Khan and Rinner [8] apply reinforcement learning (RL) for online task scheduling. They use cooperative reinforcement learning for task scheduling. They introduce cooperation among neighboring nodes with the local information of each node. This cooperation helps to provide better performance. Cooperative Q learning is a reinforcement learning approach to learn the usefulness of some tasks over time in a particular environment. They consider the WSN as a multiagent system. The nodes correspond to agents in the multiagent reinforcement learning. The world surrounding the sensor nodes forms the environment. Tasks are considered as activities for the sensor nodes at each time step such as transmit, receive, sleep, and sense. States are formed by a set of system variables such as object in the field of view (FOV) of sensor nodes, required energy for a specific action, and data to transmit. A reward value provides some positive or negative feedback for performing a task at each time step. Value functions define what is good for an agent over the long run described by reward function and some parameters.
Khan and Rinner [9] apply cooperative reinforcement learning (CRL) for online task scheduling. They use StateActionRewardStateAction (S A R S A(λ)) [22] learning and introduced cooperation among neighboring sensor nodes to further improve the task scheduling.
The proposed RATS method applies Exp3 which does not need any statistical assumptions like stochastic bandit solvers. Exp3 is an online bandit solver in which an adversary, rather than a wellbehaved stochastic process, has complete control over the payoffs/rewards [6].
DIRL, RL, CRL, and Exp3 are compared for the task scheduling in a target tracking application and analyzed for the performance in terms of tracking quality/energy consumption tradeoff.
Network model
Before describing the problem formally, terms like resource consumption and tracking quality need to be defined. In WSNs, resource consumption happens because of performing the various tasks needed for the application. Each task consumes an amount of energy from the fixed energy budget of the sensor nodes. Typically, tracking quality in a target tracking application of a WSN is defined as the accuracy of target location estimation provided by the network.
In the proposed approach, a WSN is composed of N nodes represented by the set \(\hat {N}=\{n_{1},\ldots,n_{N}\}\). Each node has a known position (u _{ i },v _{ i }) and a given sensing coverage range which is simply modeled by circle with radius r _{ i }. All nodes within the communication range R _{ i } can directly communicate with n _{ i } and are referred to as neighbors. The number of neighbors of n _{ i } is given as ngh(n _{ i }). The available resources of node n _{ i } are modeled by a scalar E _{ i }. The battery power of sensor nodes is considered as resource. A set of tasks is considered to perform over time steps. Each task consumes some battery power from the energy budget of the sensor nodes. A set of static values for the energy consumption of tasks is considered. These values are assigned based on the energy demands of the task. A higher value is set for the tasks which need higher energy consumption.
The WSN application is composed of A tasks (or actions) represented by the set \(\hat {A}=\{a_{1},\ldots,a_{A}\}\).
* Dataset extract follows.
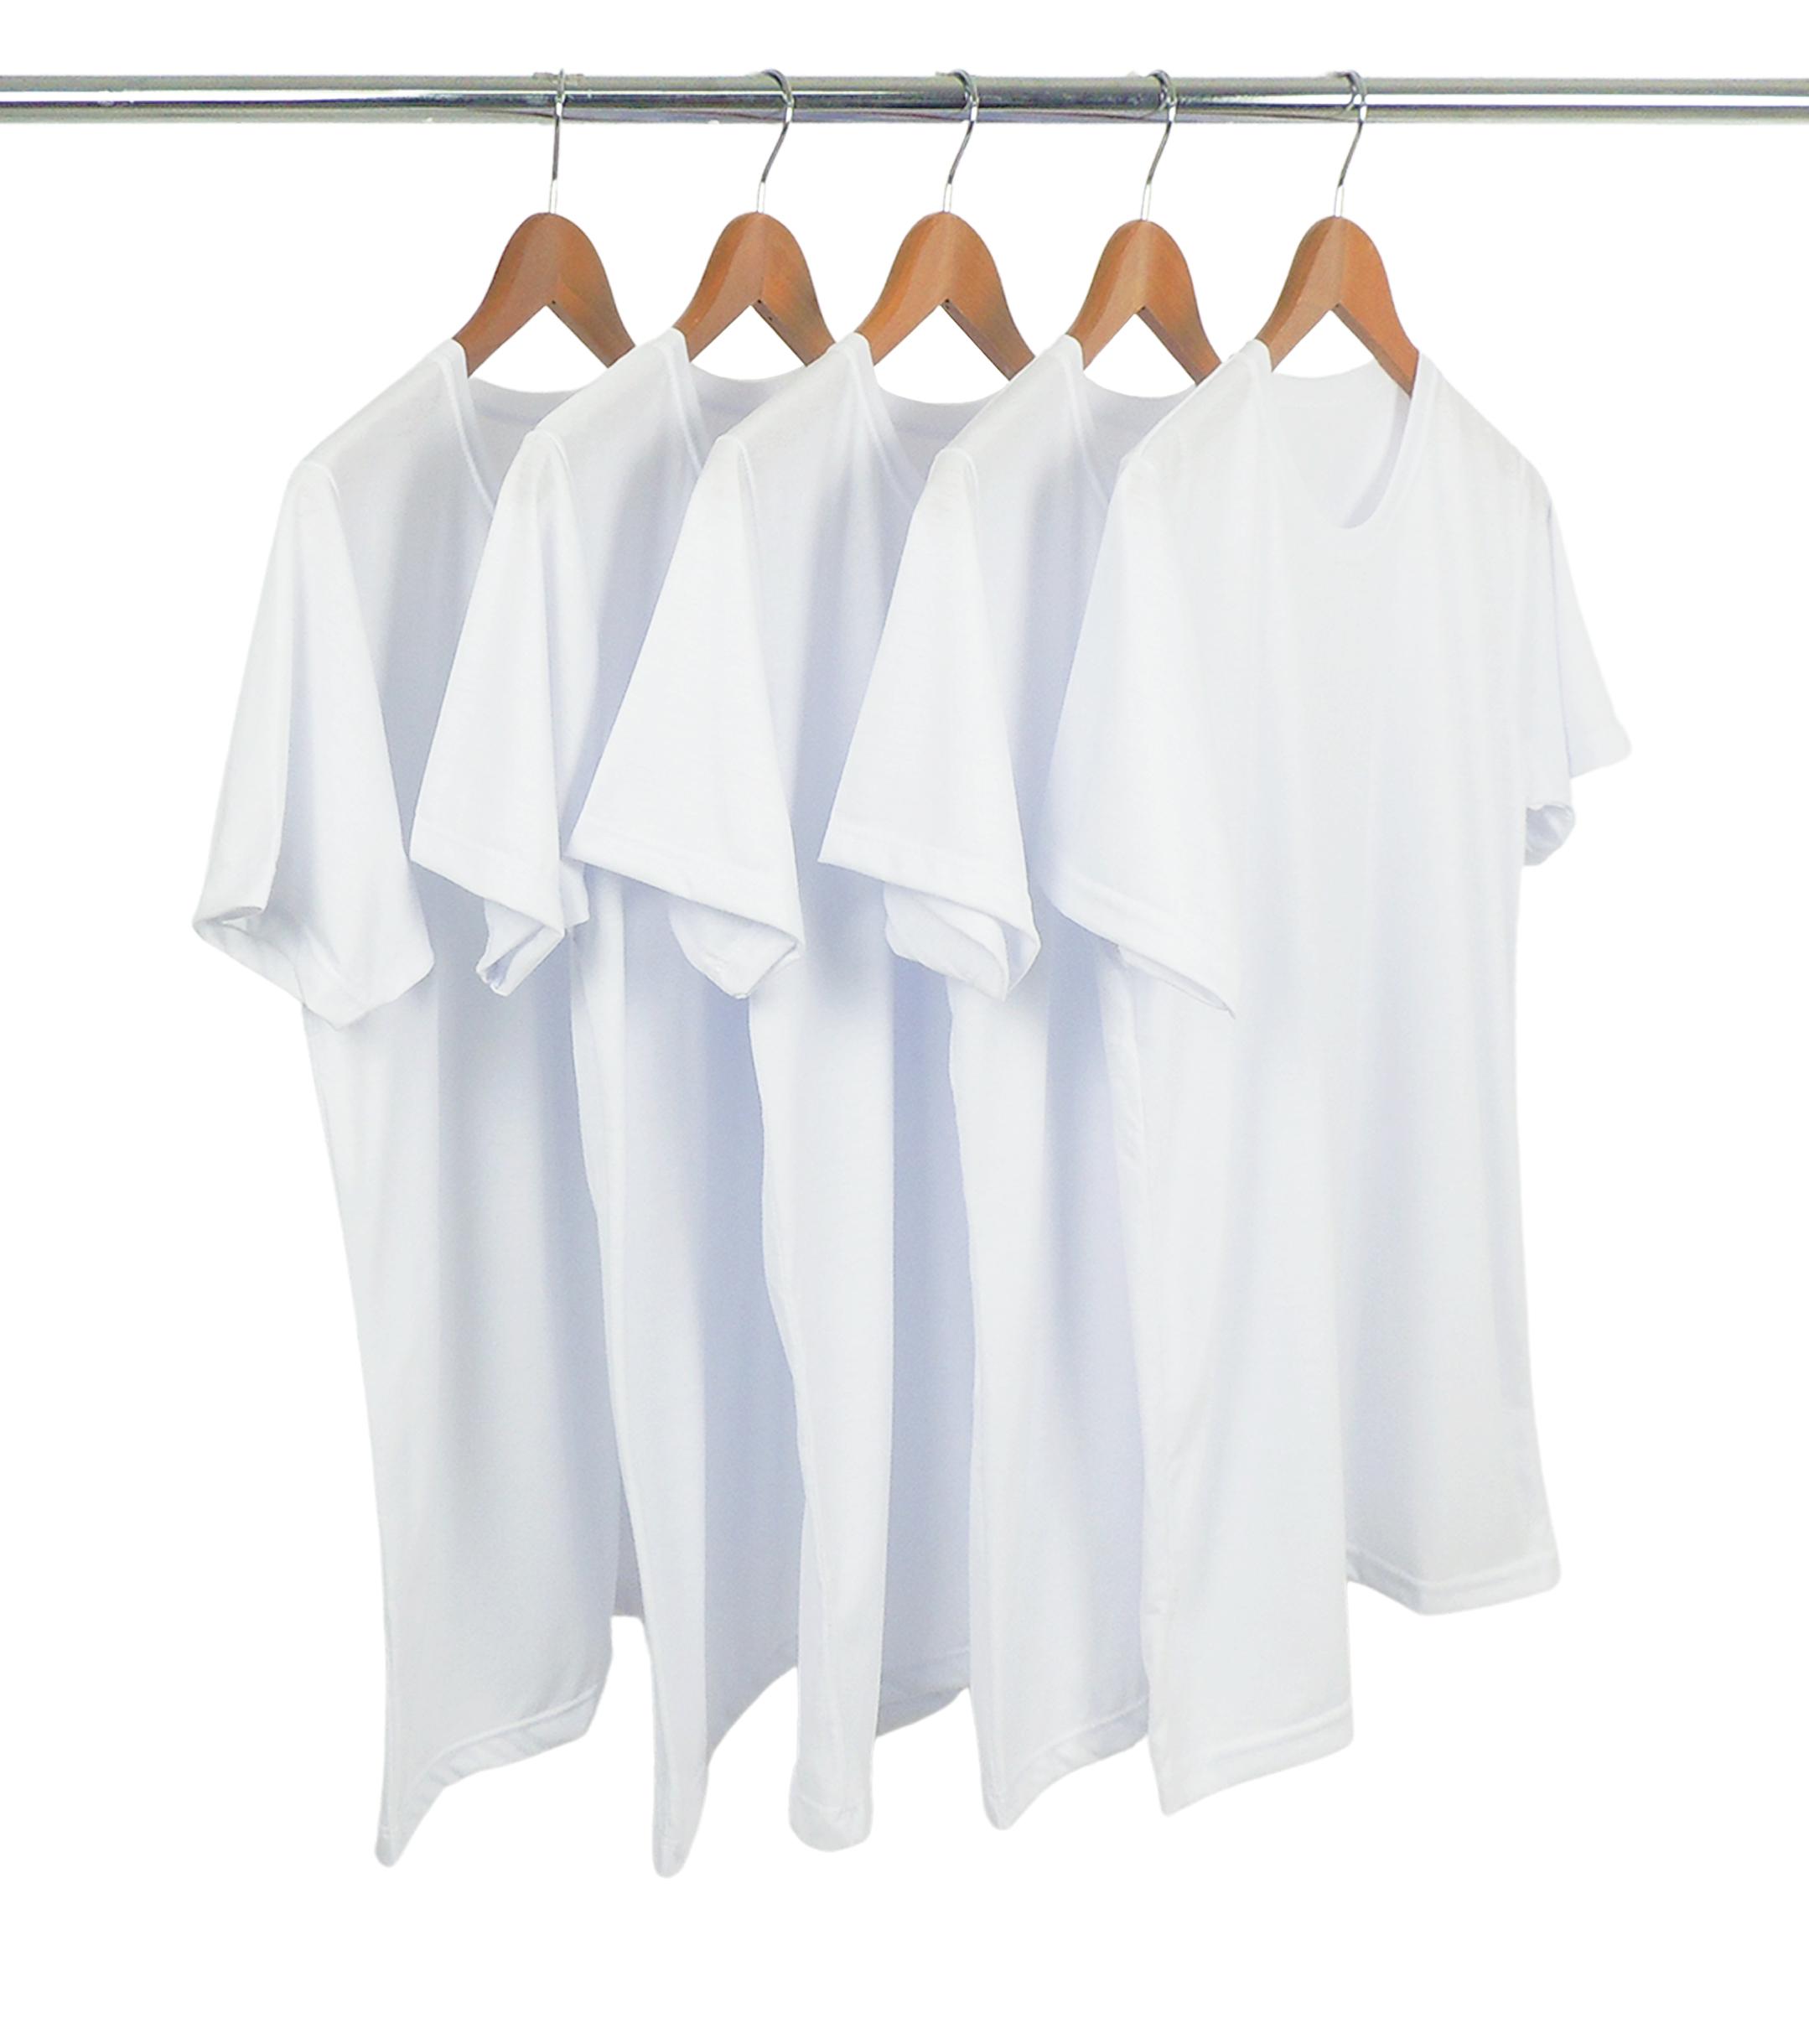 KIT 5 Camisetas de Poliéster/Sublimática Branca

Once a task is started at a specific node, it executes for a specific (short) period of time and terminates afterwards. Each task execution on a specific node n _{ i } requires some resources \(\tilde {E}_{j}\) and contributes to the overall application performance P. Thus, the execution of task a _{ j } on node n _{ i } is only feasible if \(E_{i} \ge \tilde {E}_{j}\). The overall performance P is represented by an applicationspecific metric. On each node, an online task scheduling takes place which selects the next task to execute among the Aindependent tasks. The task execution time is abstracted as a fixed period. Thus, scheduling is required at the end of each period which is represented as time instant t _{ i }. Nonpreemptive scheduling is considered based on our proposed model. Figure 1 shows our considered WSN model components.
Table 1 shows the notations and meanings used to represent the network model. The task scheduling approach is demonstrated using a target tracking application. A sensor network may consist of a variable number of nodes. The sensing region of each node is called the field of view (FOV). Every node aims to detect and track all targets in the FOV. If the sensor nodes would perform tracking all the time, then this would result in the best tracking performance. But executing target tracking all the time is energy demanding. Thus, a task should only be executed when necessary and sufficient for tracking performance. Sensor nodes can cooperate with each other by informing neighboring nodes about “approaching” targets. Neighboring nodes can therefore become aware of approaching targets.
The objective function is defined in a way that it is possible to trade the application performance and the required energy consumption by a balancing factor. The ultimate objective of the problem is to determine the order of tasks on each node such that the overall performance is maximized while the resource consumption is minimized. Naturally, these are conflicting optimization criteria, so there is no single best solution. The set of nondominating solutions for such a multicriteria problem can be typically represented by a Pareto front.
System model
The task scheduler operates in a highly dynamic environment, and the effect of the task ordering on the overall application performance is difficult to model. We consider the set of tasks, set of states, and the reward function as considered in [23]. Figure 2 depicts the scheduling framework where its key components can be described as follows:

Agent: Each sensor node embeds an agent which is responsible for executing the online learning algorithm.

Environment: The WSN application represents the environment in our approach. Interaction between the agent and the environment is achieved by executing actions and receiving a reward function.

Action: An agent’s action is the currently executed application task on the sensor node. At the end of each time period t _{ i }, each node triggers the scheduler to determine the next action to execute.

State: A state describes an internal abstraction of the application which is typically specified by some system parameters. In our target tracking application, the states are represented by the number of currently detected targets in the node’s FOV and expected arrival times of targets detected by neighboring nodes. The state transitions depend on the current state and action.

Policy: An agent’s policy determines what action will be selected in a particular state. In our case, this policy determines which task to execute at the perceived state. The policy can focus more on exploration or exploitation depending on the selected setting of the learning algorithm.

Value function: This function defines what is good for an agent over the long run. It is built upon the reward function values over time, and hence, its quality totally depends on the reward function [7].

Reward function: This function provides a mapping of the agent’s state and the corresponding action to a reward value that contributes to the performance. We apply a weighted reward function which is capable of expressing the tradeoff between energy consumption and tracking performance.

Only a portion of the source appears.